I was doing a hackerrank question that requires me to find out the number of shifts that need to occur to sort an array using Insertion Sort without actually sorting the array with insertion sort because otherwise that would be O(n^2) time-complexity! Here is my code that gets timed out. From what I know, calling the headSet method n times should come to around O(n logn).

static class MyComp implements Comparator<Integer>{
    @Override
    public int compare(Integer o1, Integer o2) {
        return o1 <= o2 ? -1: 1;
    }
}



// Complete the insertionSort function below.
static int insertionSort(int[] arr) {

    SortedSet<Integer> set = new TreeSet<>(new MyComp());
    int count=0;
    for(int i=arr.length-1; i>=0;i--){
        set.add(arr[i]);
        int pos = set.headSet(arr[i]).size();
       // System.out.println(pos);
        if(pos>0){
            count=count+pos;
        }

    }

    return count;
}

2 Answers2

5

The complexity of creating a headset is O(1)

Why?

Because a headset is not a new set. It is actually a view of an existing set. Creating one doesn't involve copying the original set, and doesn't even involve finding the "bound" element in the set.
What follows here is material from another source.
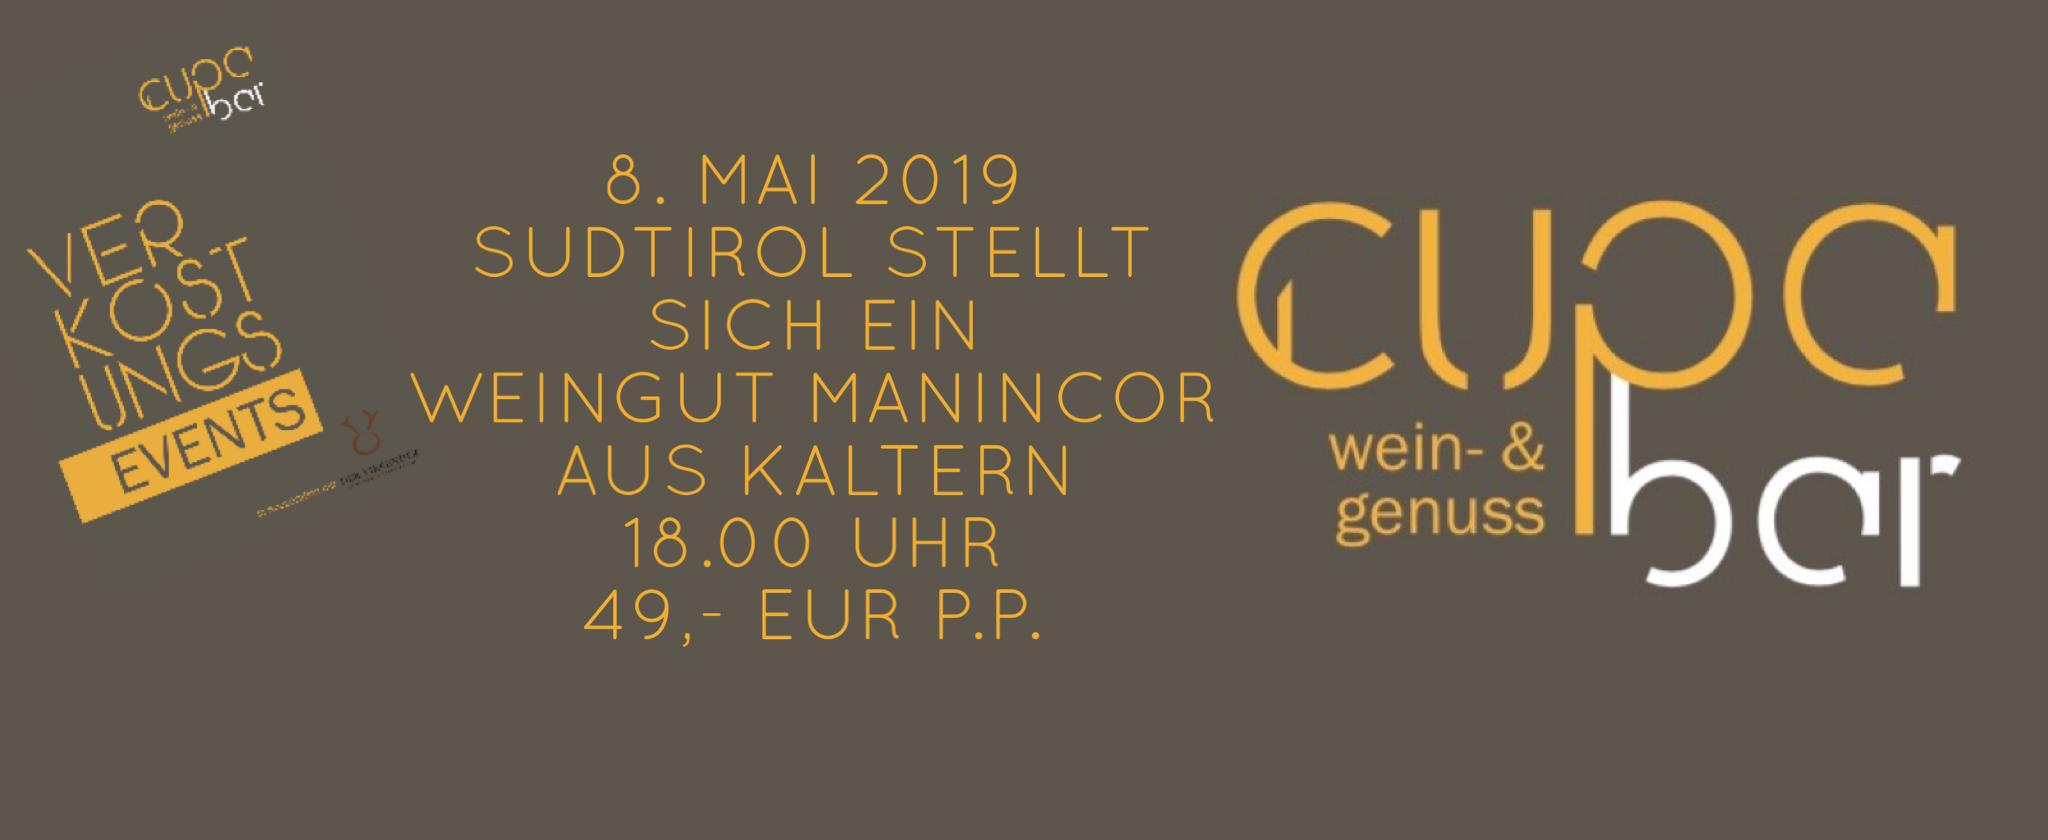 Verkostungs Events . Cupa Bar. Weingut Manincor Südtirol . 8. Mai 2019

Thus, doing it N times is O(N).

However, the reason that your code is not O(N) is that

  set.headSet(someElement).size();

is NOT O(1). The reason is that the size() method on a subset view of a TreeSet is computed by counting the elements in the view.
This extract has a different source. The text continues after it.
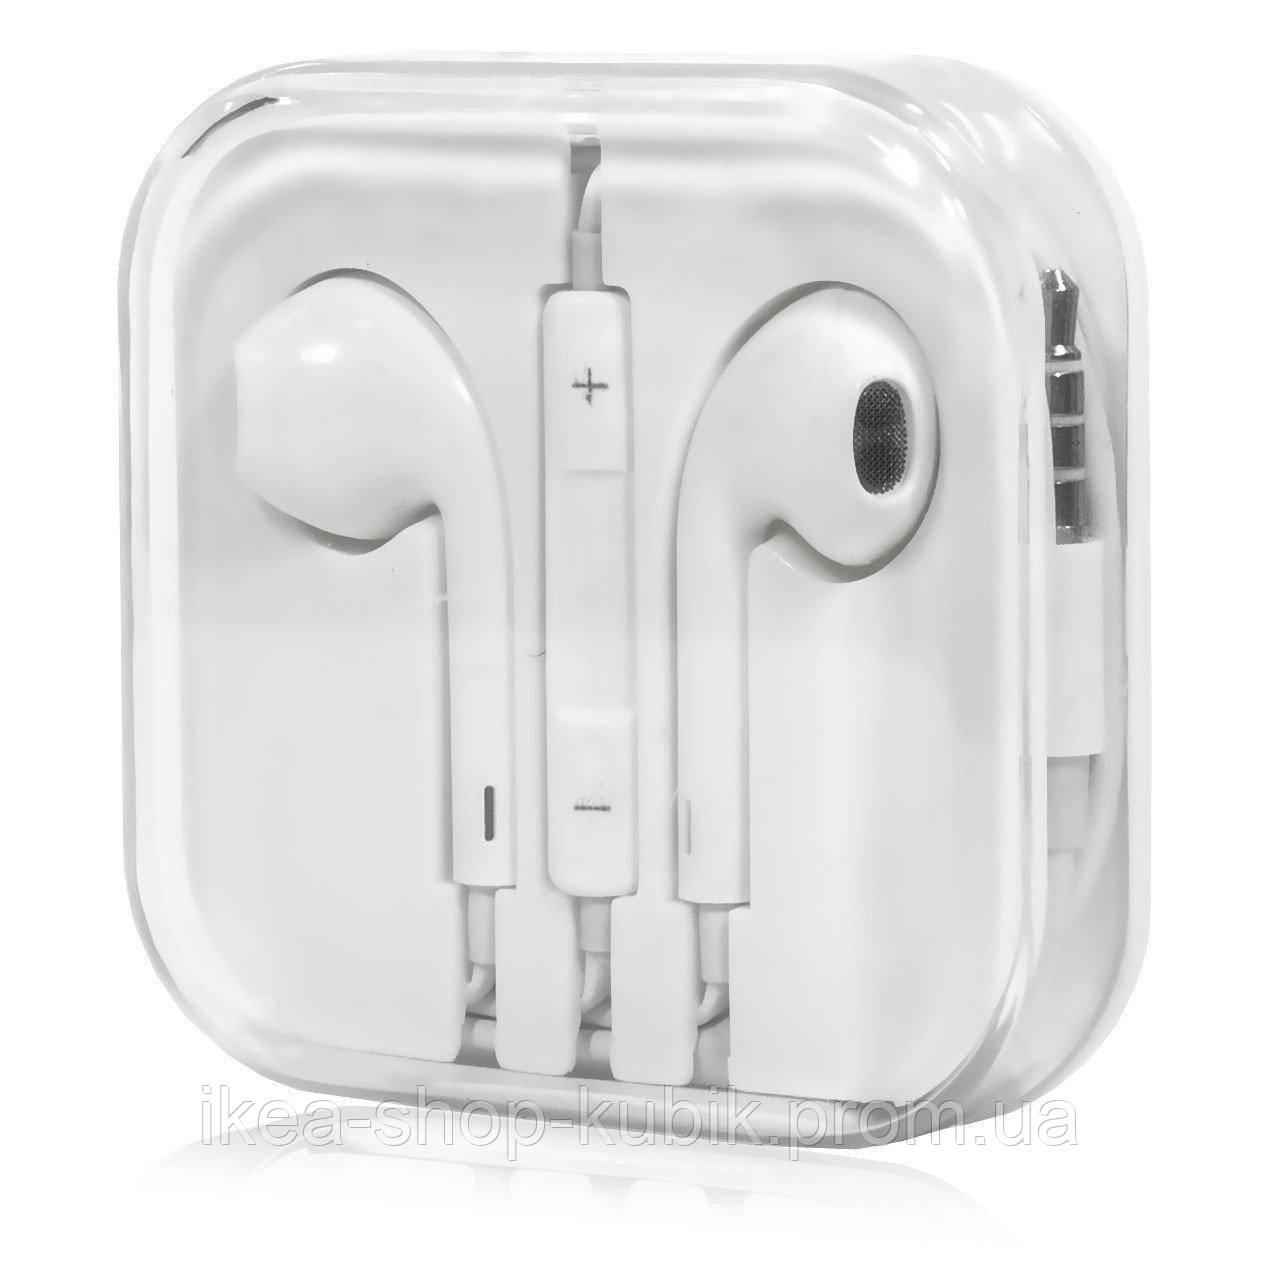 Гарнитура Apple EarPods для iphone

(AFAIK, this is not stated in the javadocs, but you can deduce it from looking at the source code for TreeSet and TreeMap.)

Stephen C
  • 698,415
  • 94
  • 811
  • 1,216
  • 3
    Are you sure about the `O(1)`? I would have thought this would involve what is essentially a `get()` operation on the underlying `TreeMap` to locate the subtree - so `O(lg n)`. – Boris the Spider Jun 30 '19 at 06:49
  • My reading of the code is that it doesn't locate a subtree. Mind you, the code is rather convoluted, so I might have missed something. (And the `O(1)` is not exactly "free" either ...) – Stephen C Jun 30 '19 at 07:27
  • Yeah, now that you mention, I realise it. – Moksh Verma Jul 01 '19 at 17:08
  • @MokshVerma - I was referring to the code of `TreeSet` / `TreeMap` as being "rather convoluted", not your code. – Stephen C Jul 01 '19 at 23:58
  • Yeah, this isn't even close to right for many reasons, @StephenC. I posted the correct answer below. If we can change min to the accepted version or at least modify this one to mention that it is straight up wrong, that would be great. – SecondThread Apr 06 '22 at 21:46
  • 1
    Alright man, you literally edited your solution to completely change your answer from "It's linear" to "It's not linear" after my so-called "unreliable" benchmarks proved your original answer was completely wrong, but whatever. – SecondThread Oct 03 '22 at 06:32
  • 1
    @SecondThread - Read my edits carefully. If you do, you will see that I did NOT change what I said. Instead, I **added** material to explain why the OP was getting bad performance in spite of `headSet(...)` being an `O(1)` operation. Which it is. – Stephen C Oct 03 '22 at 06:52
  • 1
    And regarding your benchmark, you are NOT measuring the cost of `headSet(l)`. You are measuring the cost of `headSet(l).size()`. And it is the `size()` call on the head set that is `O(N)` ... worst case. Because `size()` has to iterate the entire head set to count how many nodes it *currently* contains. (It is all in the OpenJDK source code. Have you read it yet? Suggest you do.) – Stephen C Oct 03 '22 at 06:52
-1

Stephen C isn't even close and I have no idea how it has positive upvotes or is the accepted answer. Treeset access is O(log(n)) obviously, not O(1). So first off, there's no way on earth this could possibly be O(n), it's at best O(n*log(n)).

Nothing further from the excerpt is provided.